Exercise:
Reproduce exactly the lines below, starting at the line that contains "AURONOS Prestige Necklace" and ending with the last line of the records, both included; leave out any pictures.

::::::::::

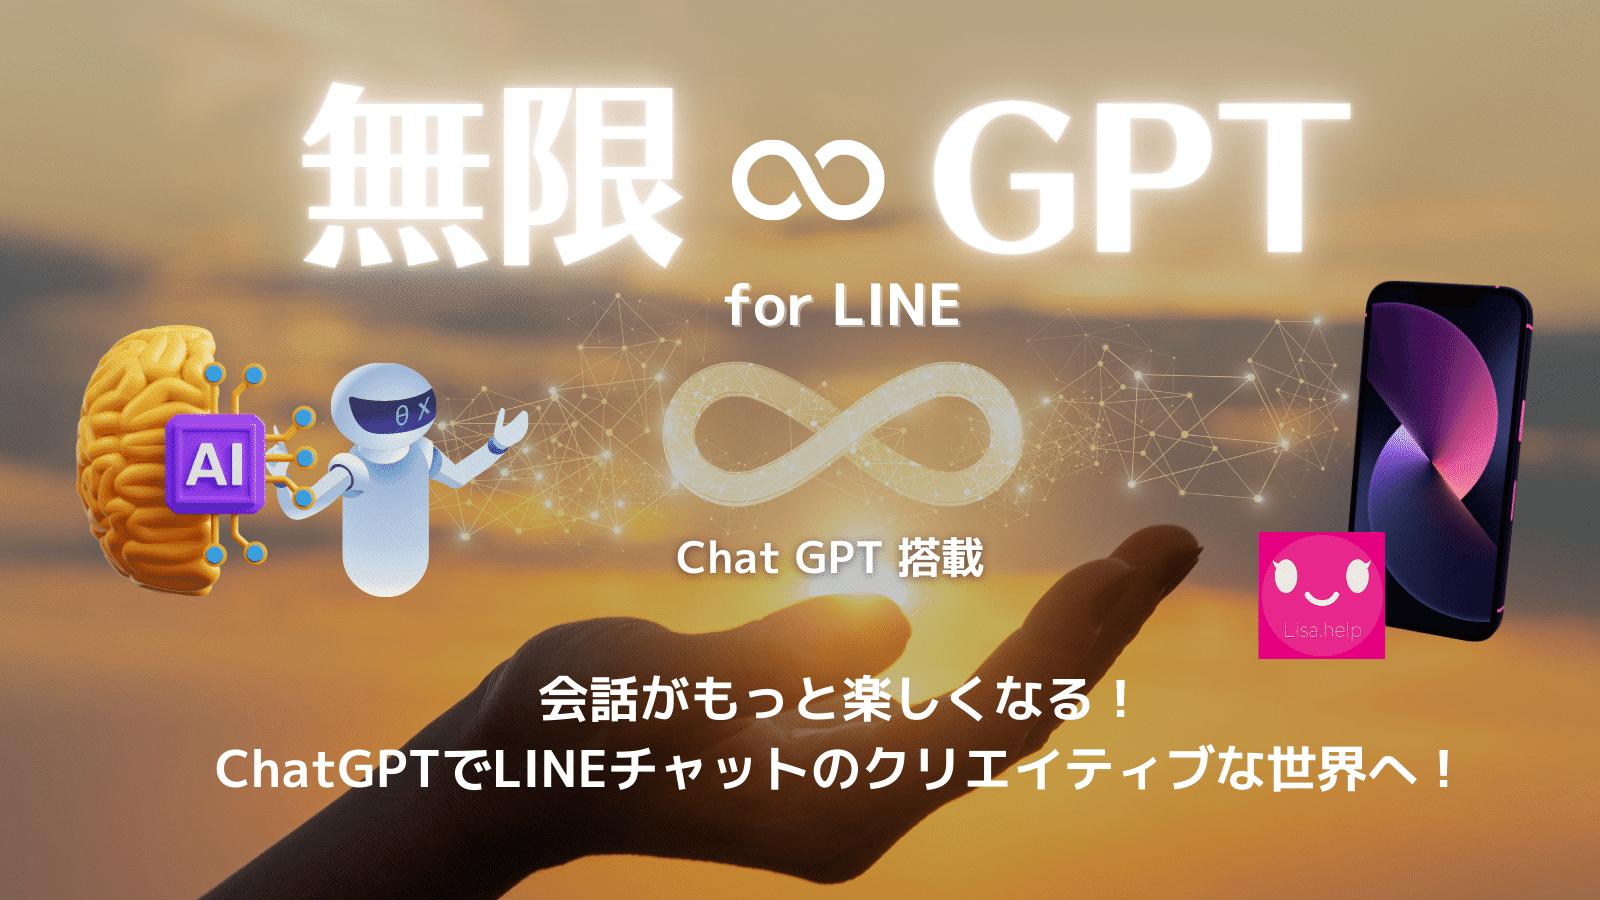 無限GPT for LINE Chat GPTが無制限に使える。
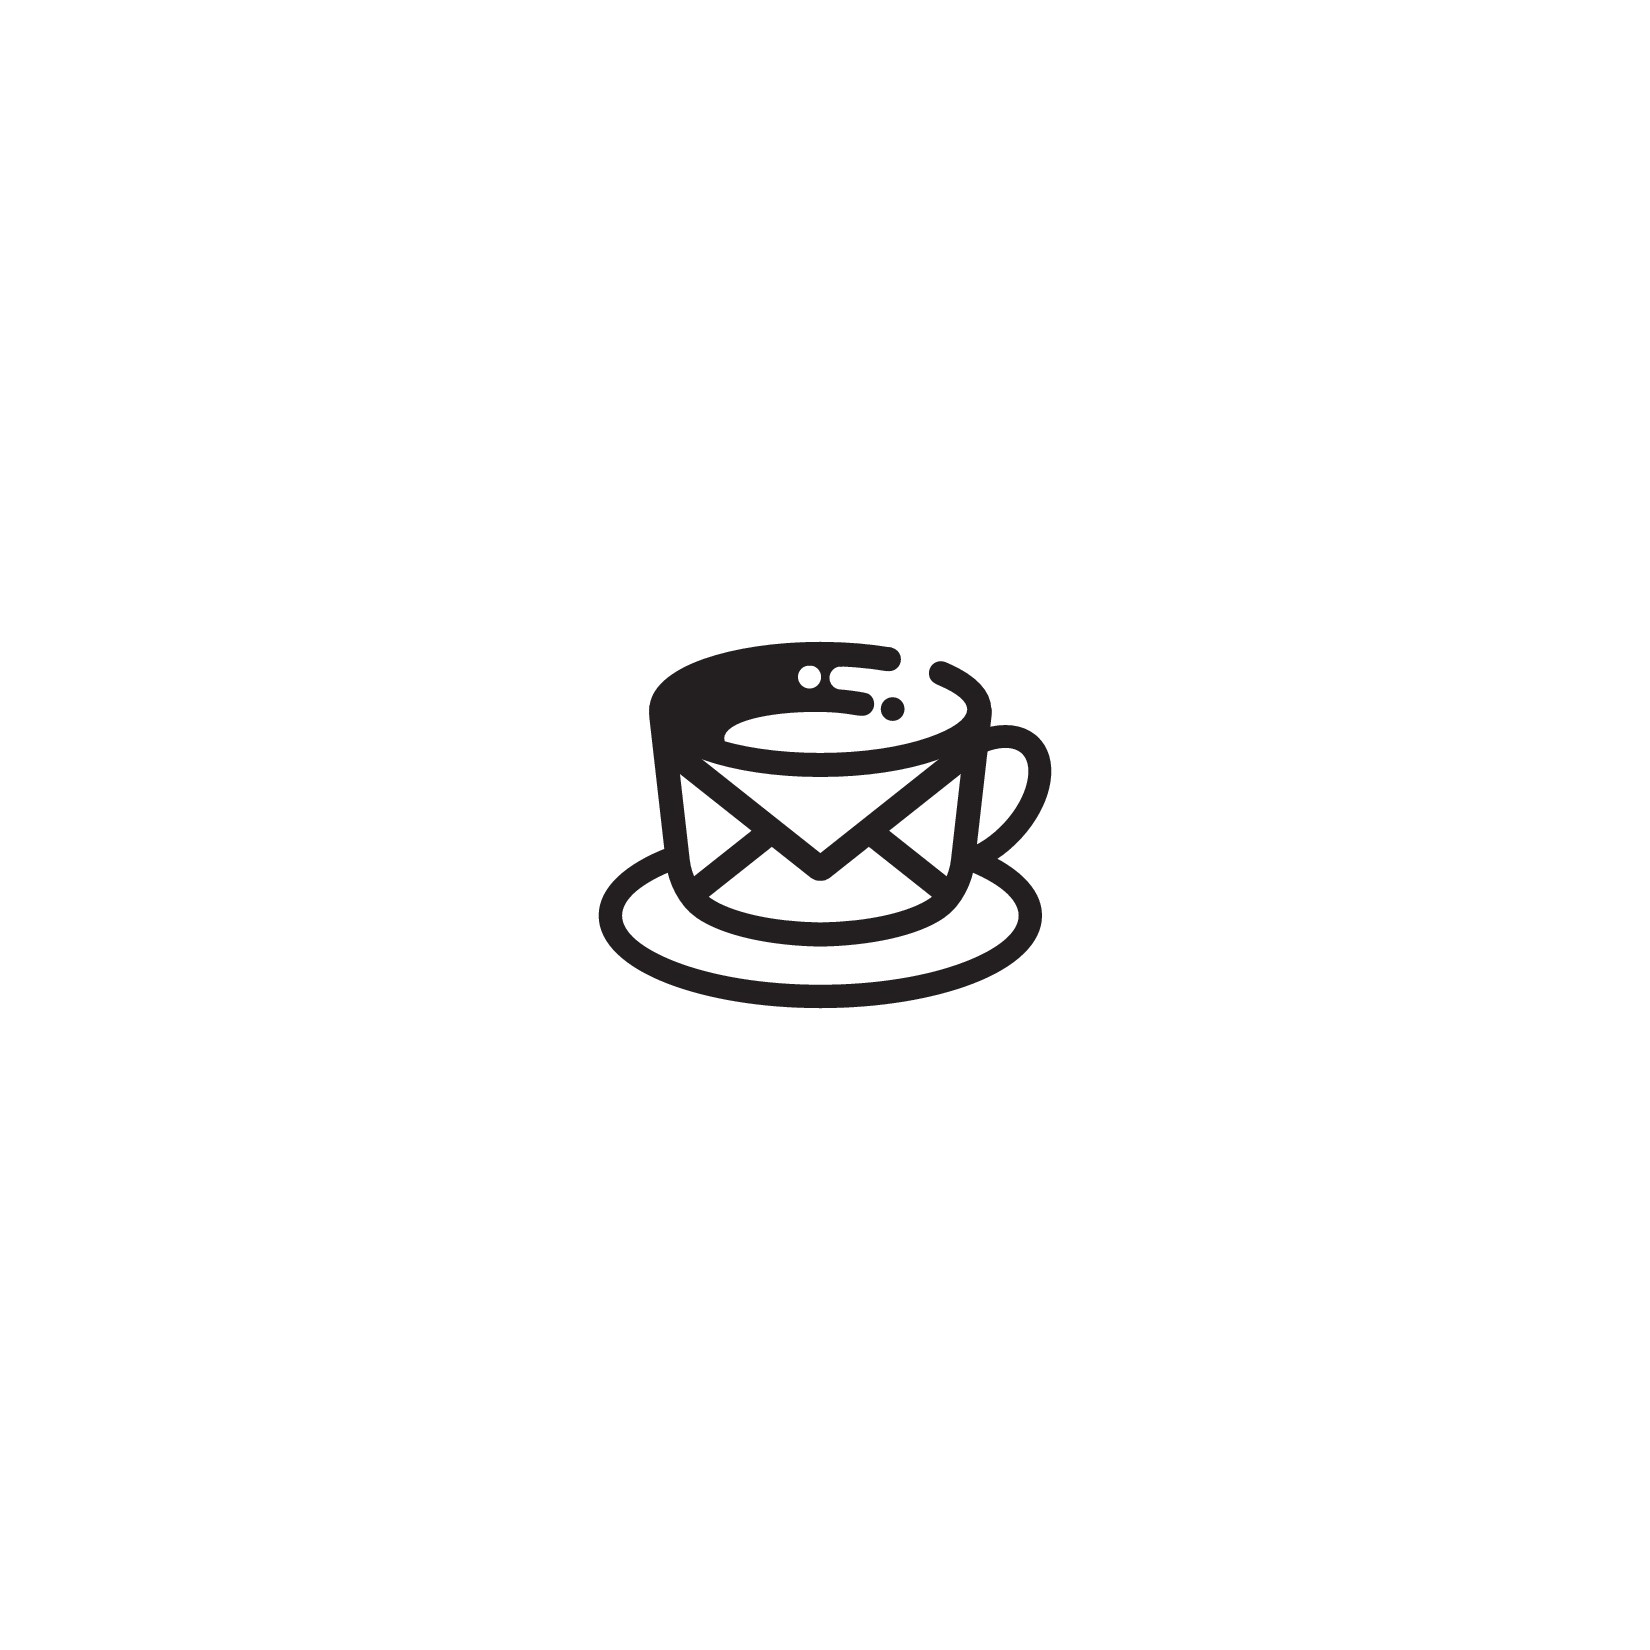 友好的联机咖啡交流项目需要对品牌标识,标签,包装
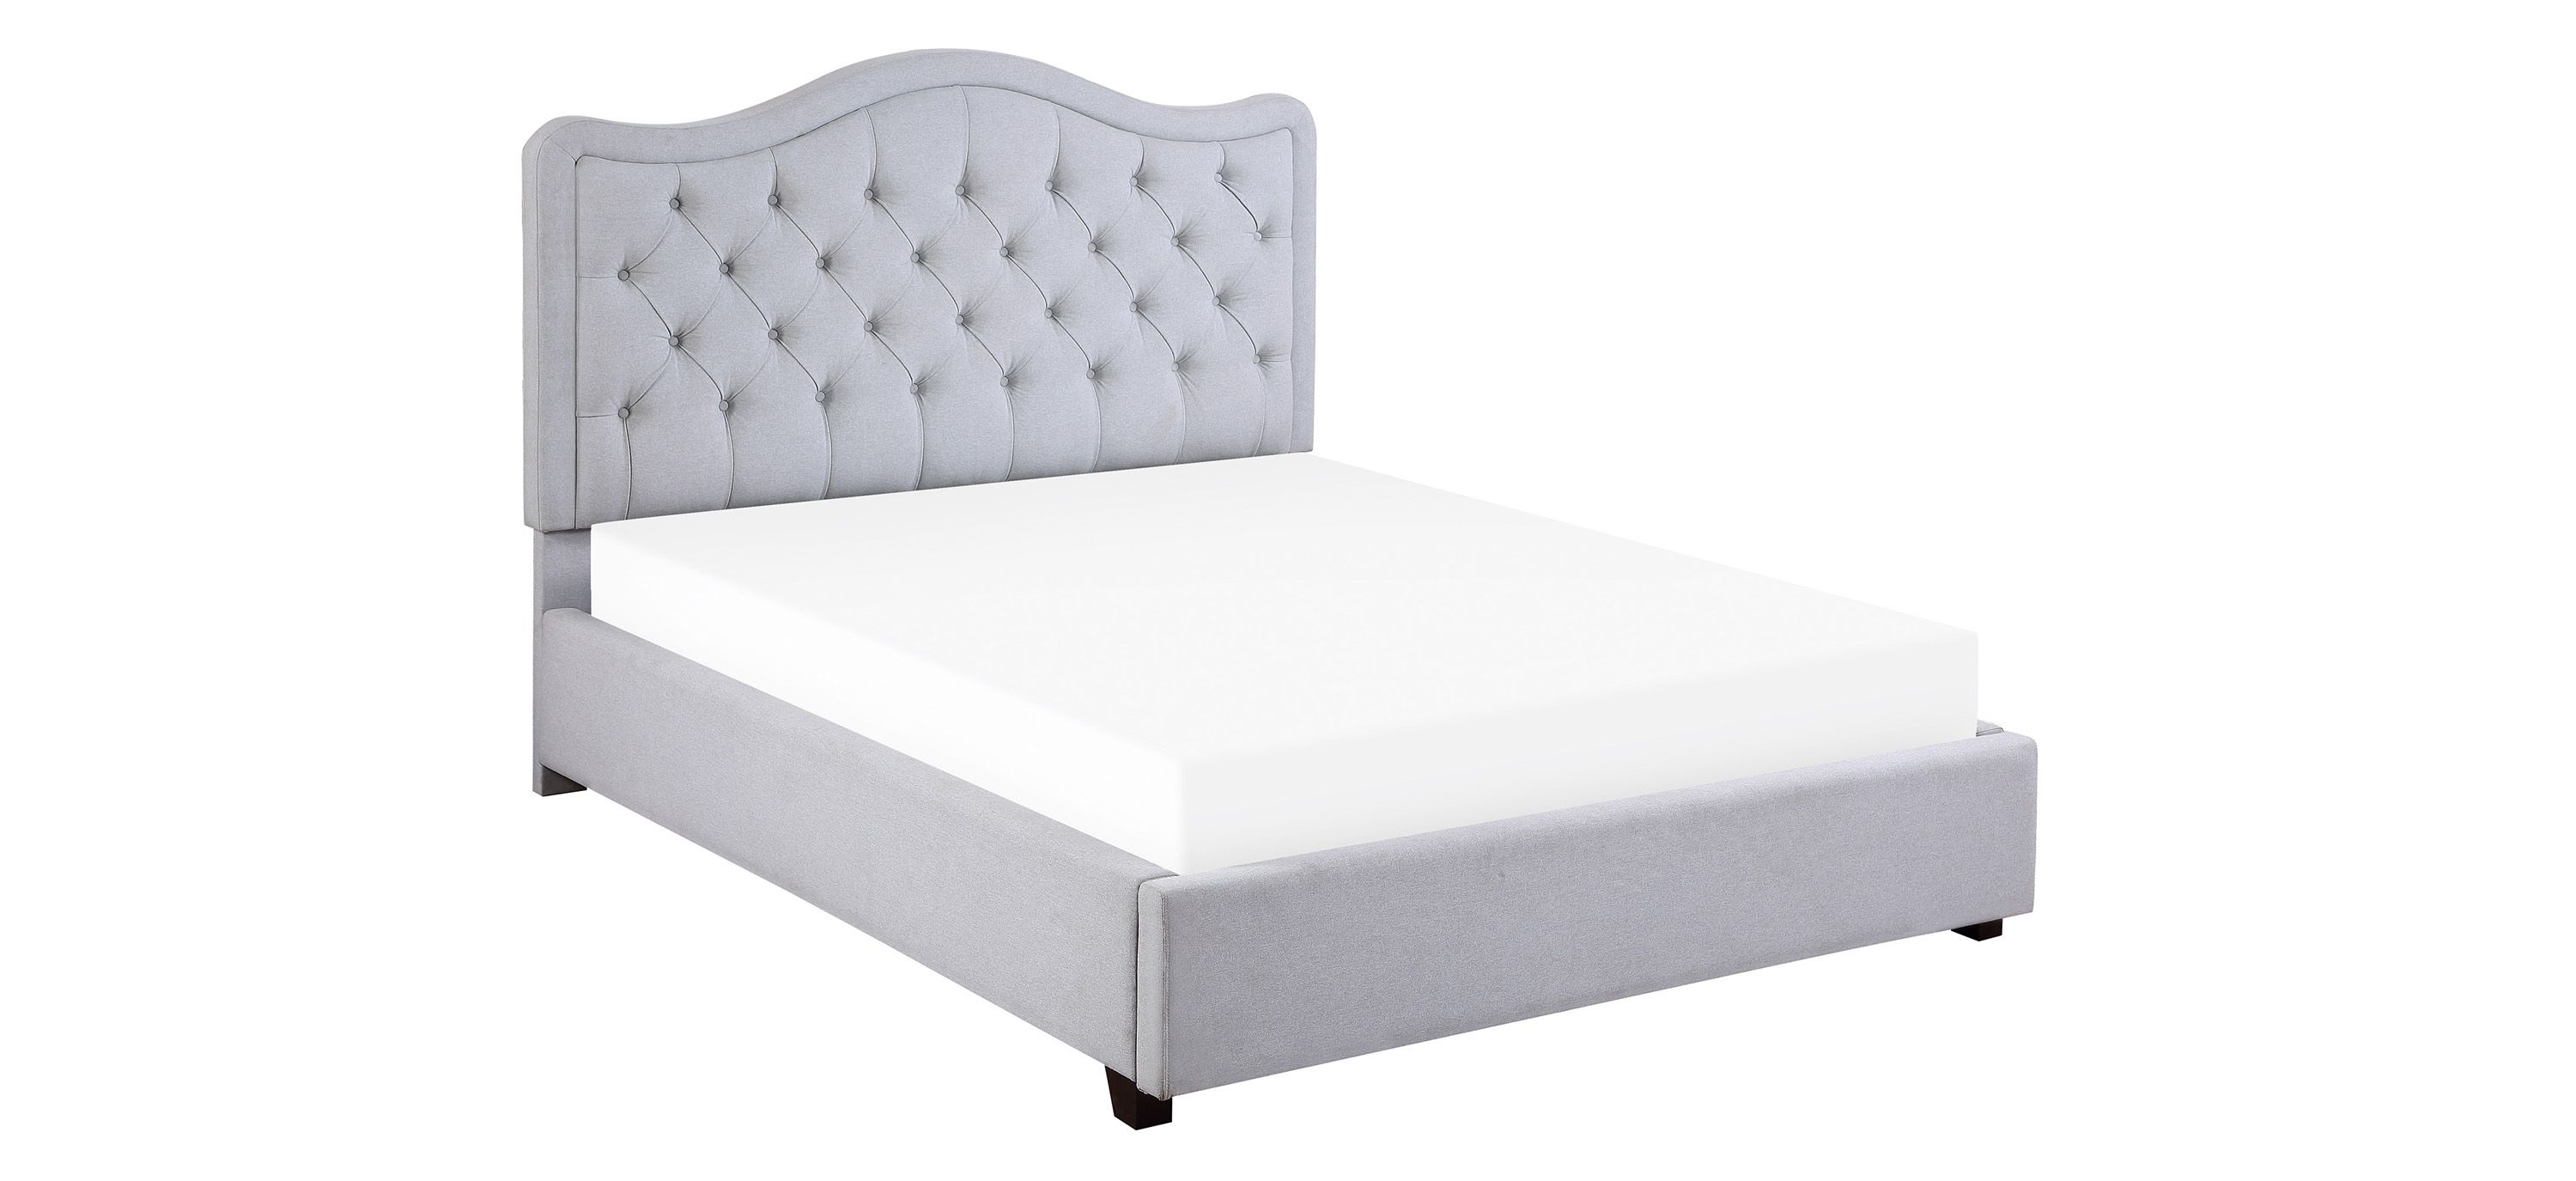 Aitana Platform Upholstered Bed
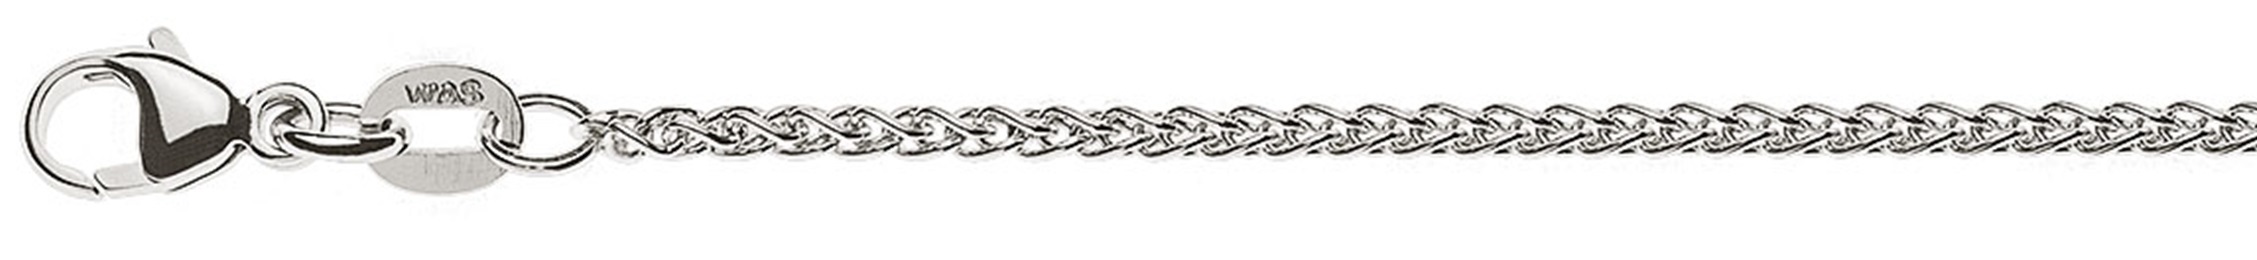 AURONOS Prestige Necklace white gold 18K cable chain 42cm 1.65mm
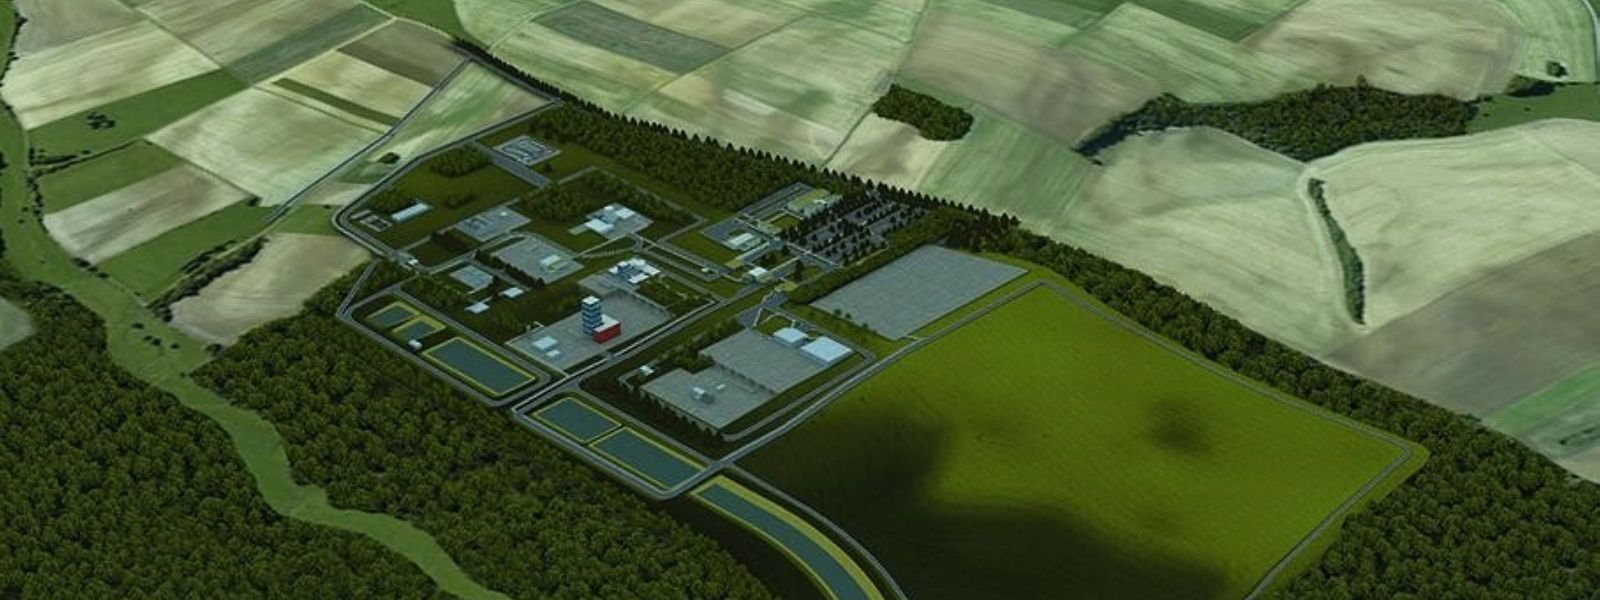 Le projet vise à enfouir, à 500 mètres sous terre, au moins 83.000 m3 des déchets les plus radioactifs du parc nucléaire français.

::::::::::

Solution to the exercise:
 AURONOS Prestige Necklace white gold 18K cable chain 42cm 1.65mm
 Le projet vise à enfouir, à 500 mètres sous terre, au moins 83.000 m3 des déchets les plus radioactifs du parc nucléaire français.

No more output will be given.